I noticed the other day that I have made a lot of afghans and quilts out of squares. I have only begun to scratch the surface. It is amazing how much room blankets take up, yet there are a ton of them in my house. I think every bed has about five of them on, all year 'round. There are big ones for king size beds, and little ones for the kids to drag around, and everything in between. So today I decided to show some I had made out of yarn.

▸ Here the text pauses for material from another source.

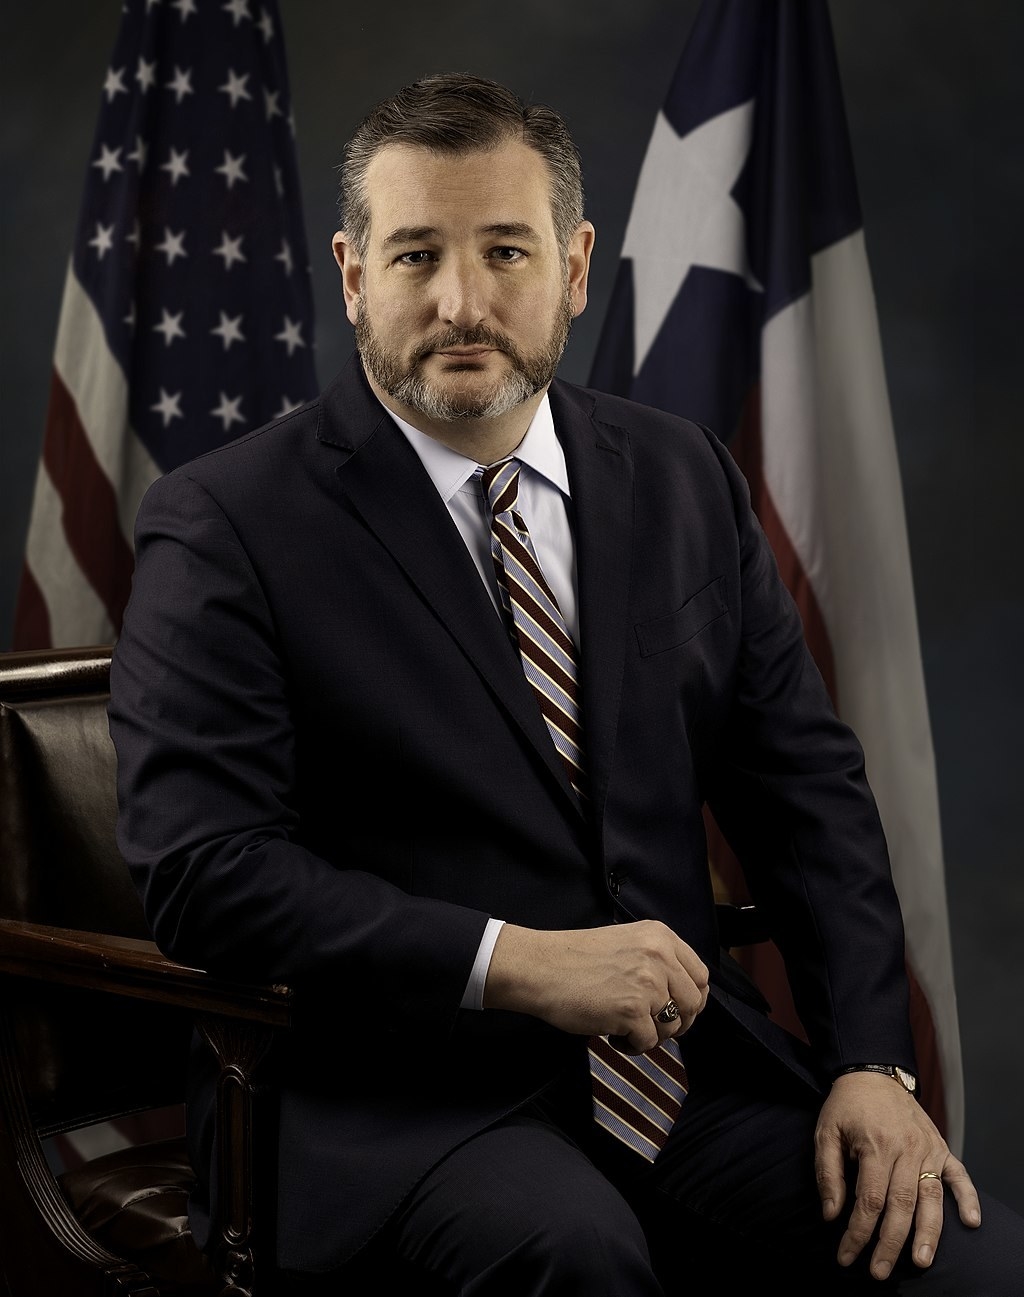 Ted Cruz poses in the U.S. Senate Photographic Studio
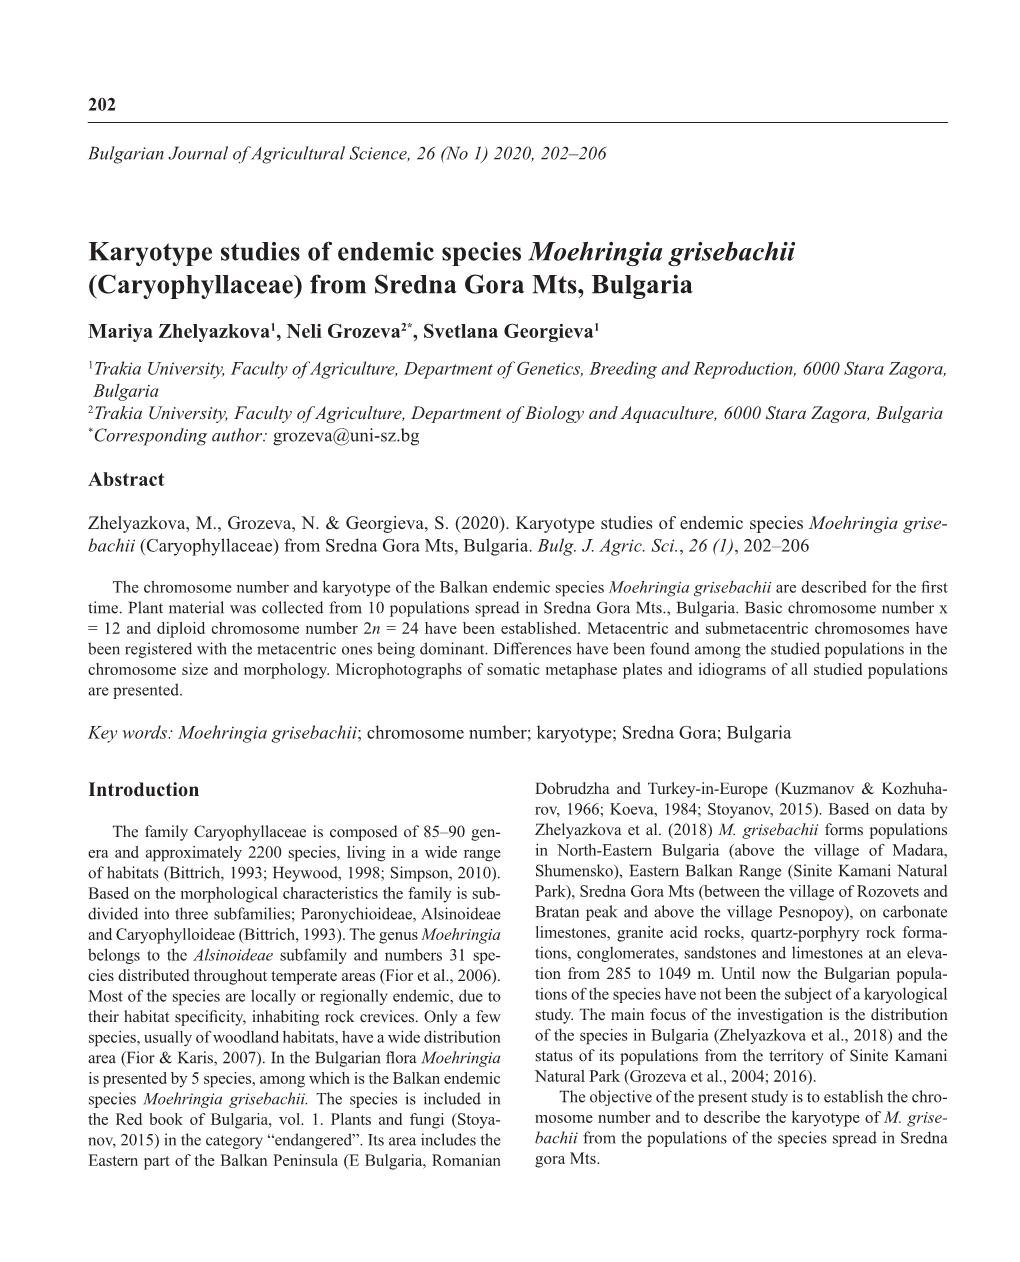 Karyotype Studies of Endemic Species Moehringia Grisebachii (Caryophyllaceae) from Sredna Gora Mts, Bulgaria

About ten and a half years ago I decided to reteach myself how to crochet. The first thing I did was a very, very large granny square, big enough to fit the king size bed. I'll show that tomorrow because I have to unmake my bed to get it; I think it is the third one down. I call that one the ugly blanket that should never see the light of day, but it works for added warmth. The second blanket, afghan, I made was small granny squares. When I was a little kid my Vavo had one that I just loved to crawl under on Saturday afternoons to watch Sci-fi theater and Kung-fu theater. Don't ask me why, but I watched those every Saturday afternoon as a kid. The sun would come through the window and land right on the couch and I would curl up under a blanket it was just so warm and toasty it was all I could do to stay awake to watch. As soon as the shows ended I would fall asleep for a great nap, loved that. So I made the black afghan to remind me of that. Too bad it is made out of acrylic yarn; the one from my youth was wool. However, when I was relearning to crochet all I could afford was thrift store yarn so that is what I bought except for the black; that was purposely added so it would look like the one from my youth.The next one was made on the vintage weave-it rug looms. It was the only loom made by weave-it that had the wood pegs; the rest have metal pegs. The yarn is Aunt Lydia's rug yarn that was purchased at thrift stores; this time not because I had to, but because I wanted to. Every time I found a skein I would make more squares. After a while I had enough squares to make an afghan and this was born. It does have a black crocheted edging to hold the blocks together and around the outside edges, too. If you can believe it, the edge is made from the scraps from the black granny square blanket from 10 years prior. Yep, things have a hard time making it to the garbage at my house. If it usable yarn, it will be saved; even one that is only 2 feet long -- you can make crazy daises with those, and they can be used to make a blanket or used as an embellishment on an item. Another tool from the 30's to 50's.
Lastly we have one that took me about two years to make, not because it was hard, it wasn't. It was that it was a class that I was teaching and every week I had to design a new block for the students to learn. Because it took awhile to create and draft patterns, and I only had to do one a week, that is all I did; one a week. This one is made out of wool. NO two squares are the exact same block; some have similar stitches, but in different configurations. The yarn was a gift. Because I was teaching the class at Heindselman's, they just gave me the wool from left overs from projects that the employees had made as store samples. The bonus was, I got to keep it in the end.
I hope you had fun going to the square dance with me; maybe you have a few of your own.